Voici le nom de toutes les armes enseignées :
Bong, Song Côt, Môc Guom, Môc Can, Long Gian, Tâm Thiêt Gian, Cuu Khuc, Guom, Kiêm, Dai Dao, Ma Dao, Ma Tau, Song Yên Dao, Song Diêp Dao, Thuong, Song Cau

Pour en savoir plus, consultez la rubrique Armes

Techniques de casse au Qwan Ki Do

 

Cette discipline présente plusieurs aspects :

. Le Ngoai Luc qui consiste à briser des matériaux divers à l'aide d'éléments naturels du corps (tête, mains, coudes, pieds, tibias,...) mais aussi, à un certain niveau, à résister à la casse d'un matériel sur une partie du corps.
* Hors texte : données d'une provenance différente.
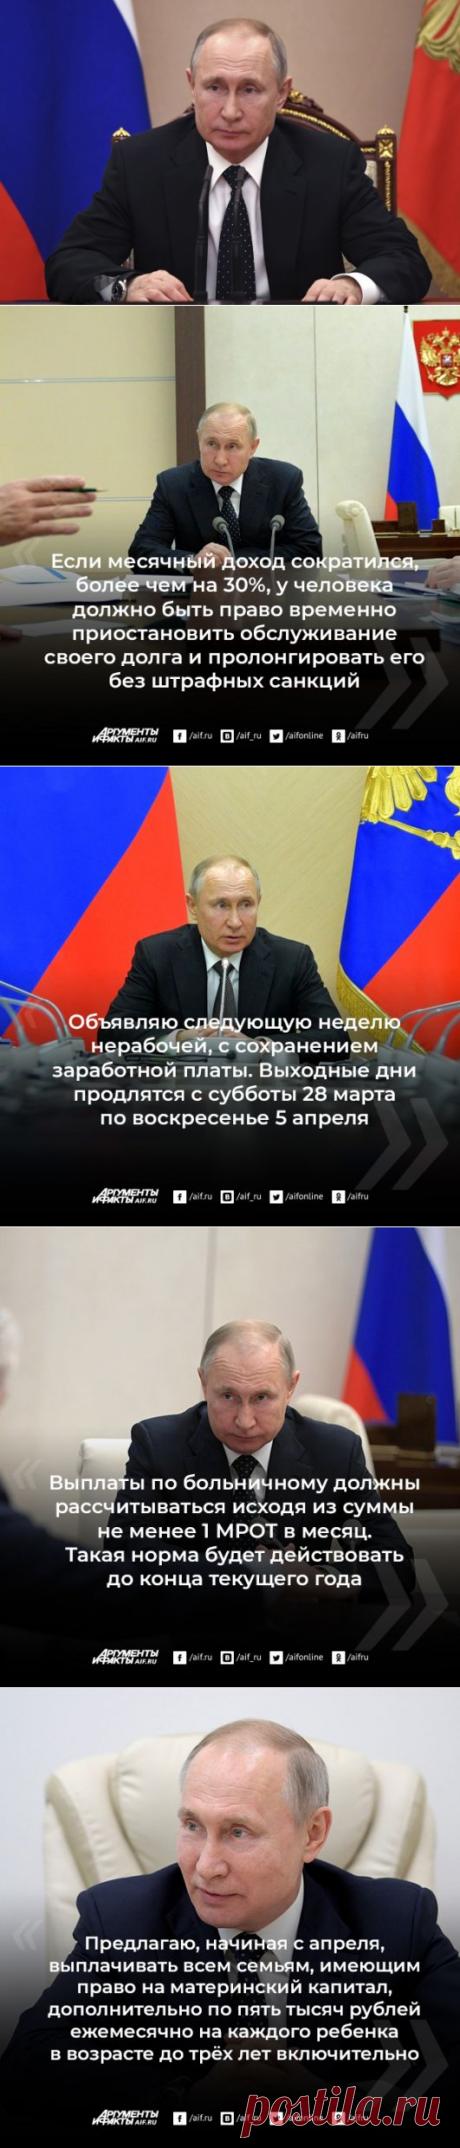 25.04.20-«Государство никого не бросит». Какие меры поддержки людей предложил Путин? | В России | Политика | Аргументы и Факты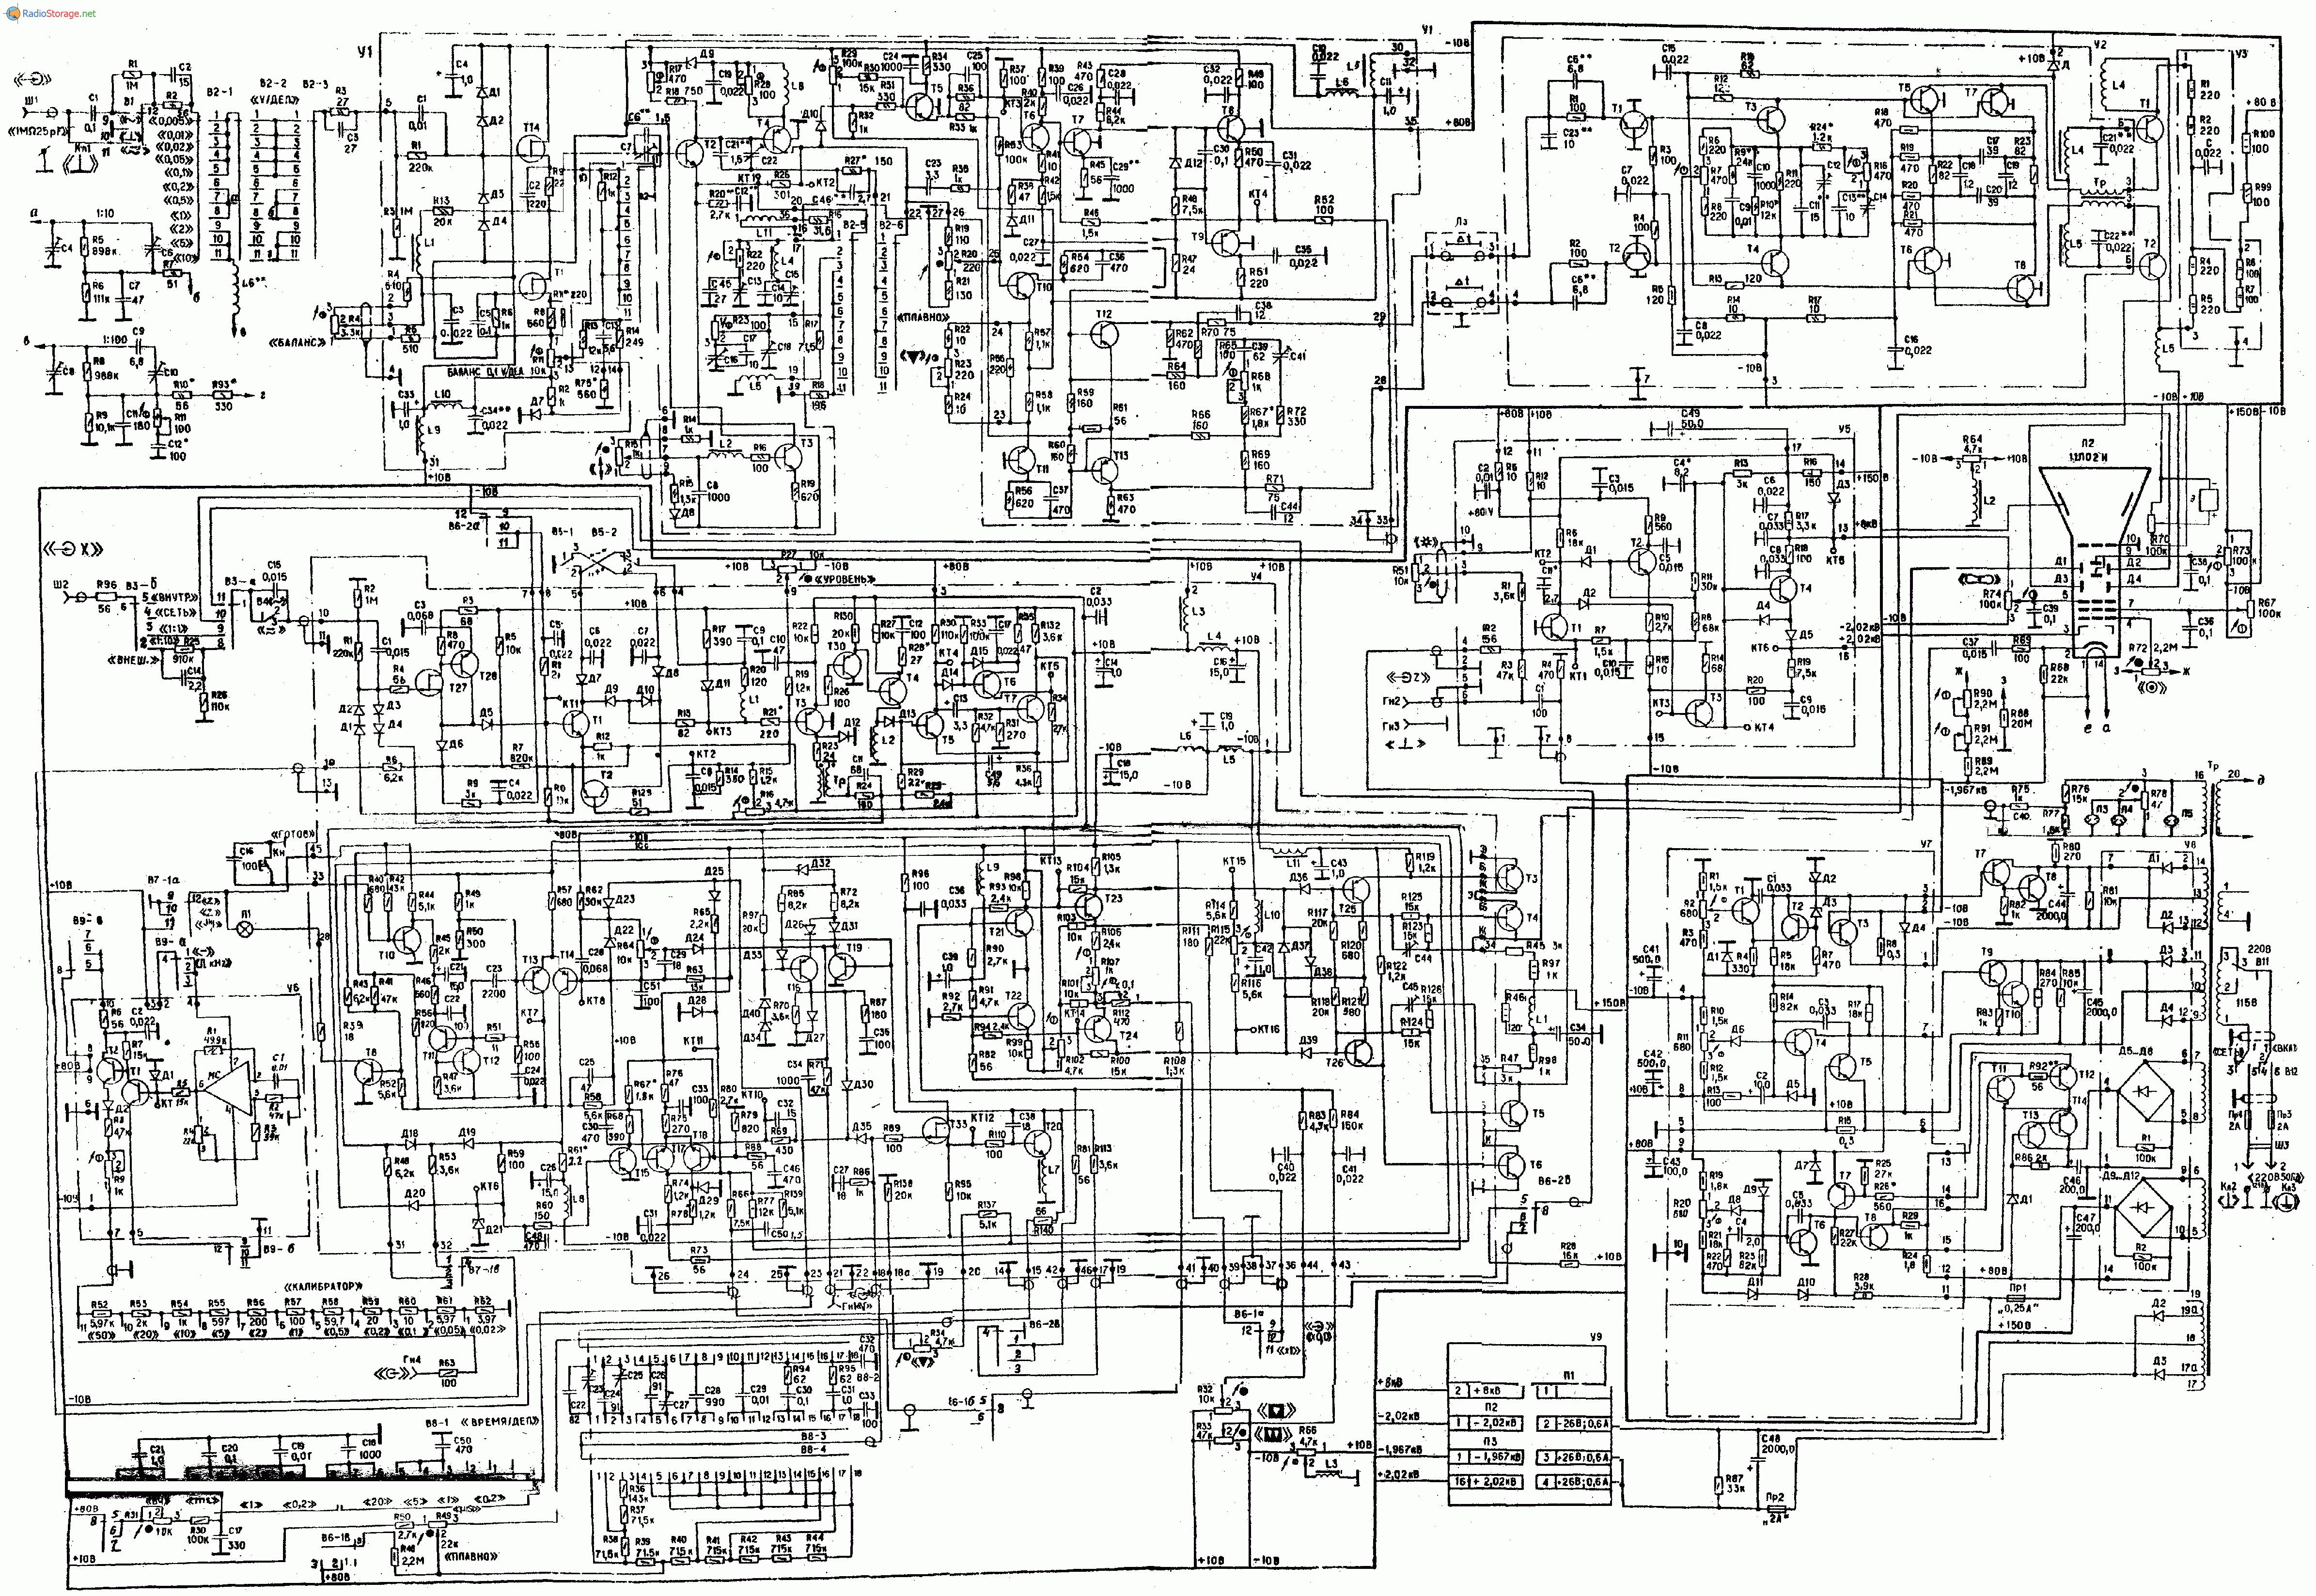 Осциллограф С1-64, схема

. L'entrainement de l'énergie interne Nôi Luc qui pourra orienter le pratiquant vers différentes applications comme supporter aussi bien le froid que la forte chaleur, ou alléger le corps pour marcher sans bruit (Dê Khi), ou encore alourdir son corps (Thiên Cân Truy), ou escalader un mur lisse (Bich Hô Du Tuong)...

. A un niveau plus élevé, briser à distance un objectif choisit (Da Chuong) ou pratiquer le Diêm Huyêt : science médicale traditionnelle qui consiste à frapper à des endroits précis du corps, pour perturber ou détruire les méridiens de l'adversaire et de le condamner à une mort lente (à ne pas confondre avec la frappe des points sensibles ou mortels du corps). Pascal Fauliot a relaté dans son livre "Les contes des Arts Martiaux" (Ed. Albien Michel) un conte sur cette merveilleuse science médicale, qu'aujourd'hui malheureusement peu de Grand Maître possède.